Conditions for the female inmates were grim. She said they were not tortured, but received barely any food — 50g of bread for dinner and sometimes porridge.
“It was fit for pigs,” she said, adding that she suspects that the prison governor siphoned off money allocated for meals.
The toilets overflowed and the women were given no sanitary products. The cells were so overcrowded they slept in shifts.
“It was tough. People were crying, worried about their kids and families,” she said.
Vorosheva said that the camp’s staff were brainwashed by Russian propaganda and considered Ukrainians to be Nazis, adding that some were local villagers.
“They blamed us for the fact that their lives were terrible.

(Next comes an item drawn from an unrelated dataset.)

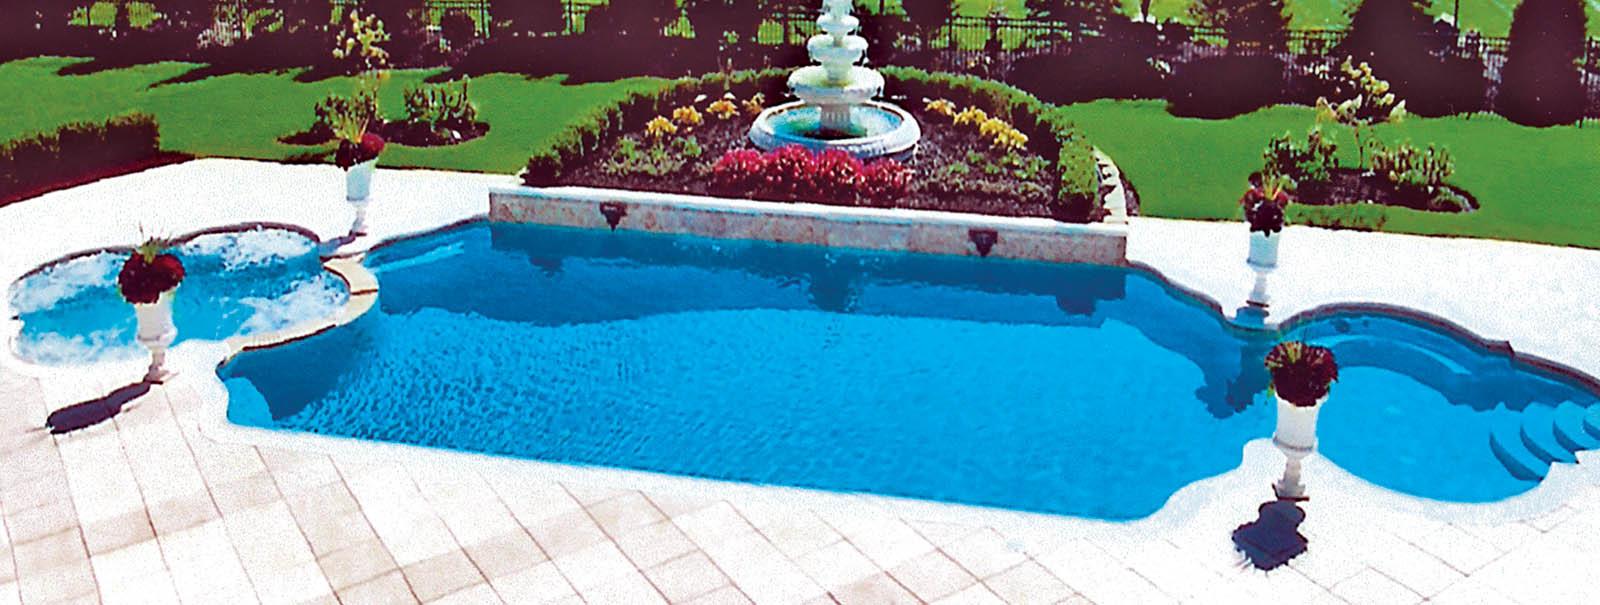 Virginia Swimming Pool Builder
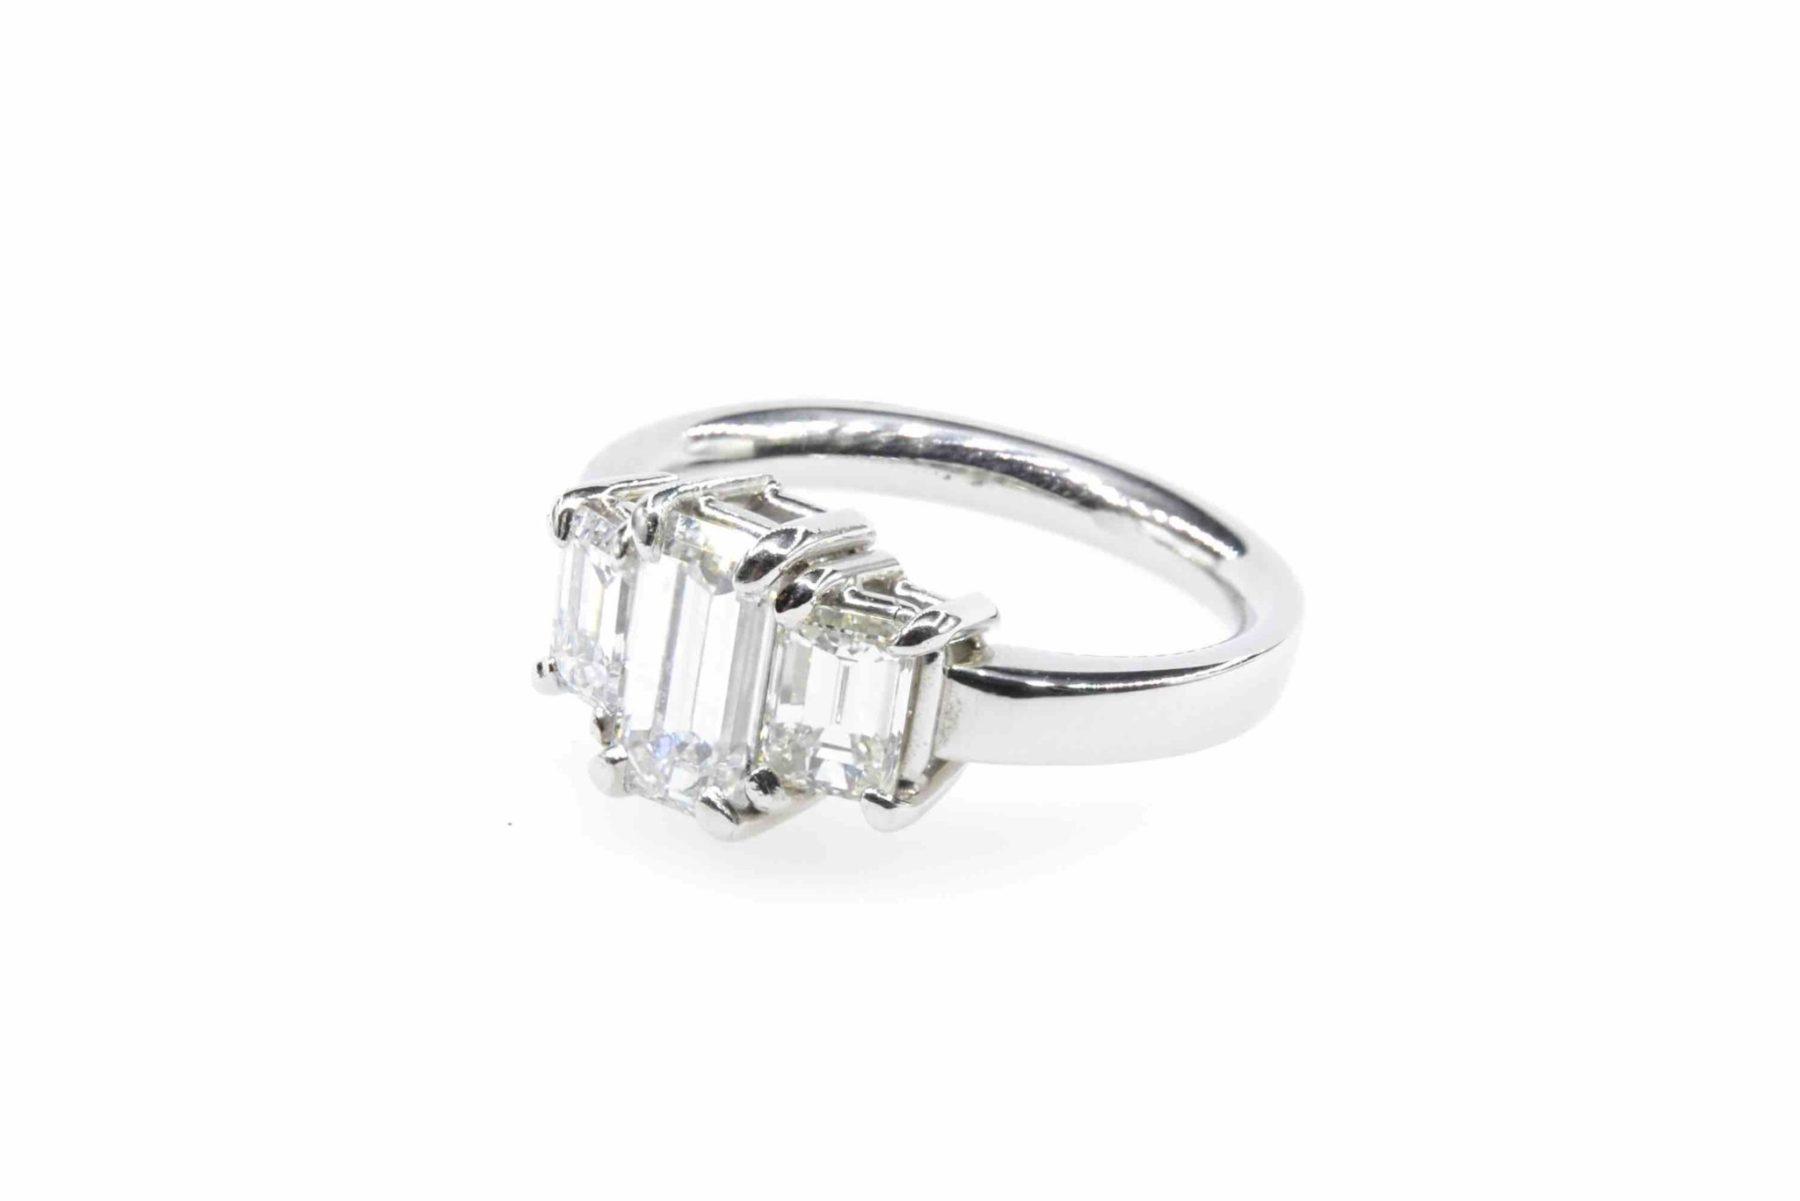 Bague diamants de taille émeraude

It was like an alcoholic who says he drinks vodka because his wife is no good,” she said. “The philosophy is: ‘Everything is horrible for us, so everything should be horrible for you.’ It’s all very communist.”
Other detainees confirmed Vorosheva’s version of events and said the Azov soldiers were treated worse than civilians.
Dmitry Bodrov, a 32-year-old volunteer worker, told the Wall Street Journal that the guards took anyone they suspected of misbehavior to a special disciplinary section of the camp for beatings.
They emerged limping and moaning, he said.
Some captives were forced to crawl back to their cells.
Another prisoner, Stanislav Hlushkov, said an inmate who was regularly beaten was found dead in solitary confinement.
Orderlies put a sheet over his head, loaded him into a mortuary van and told fellow inmates he had “committed suicide.”
Vorosheva was freed on 4 July.
It was a “miracle,” she said, adding that “the guards read out the names of those who were going to be freed. Everyone listened in silence. My heart leaped when I heard my name. I packed my things, but didn’t celebrate. There were cases where people were on the list, got out, then came back.”
“The people who run the camp represent the worst aspects of the Soviet Union,” she said. “They could only behave well if they thought nobody was looking.”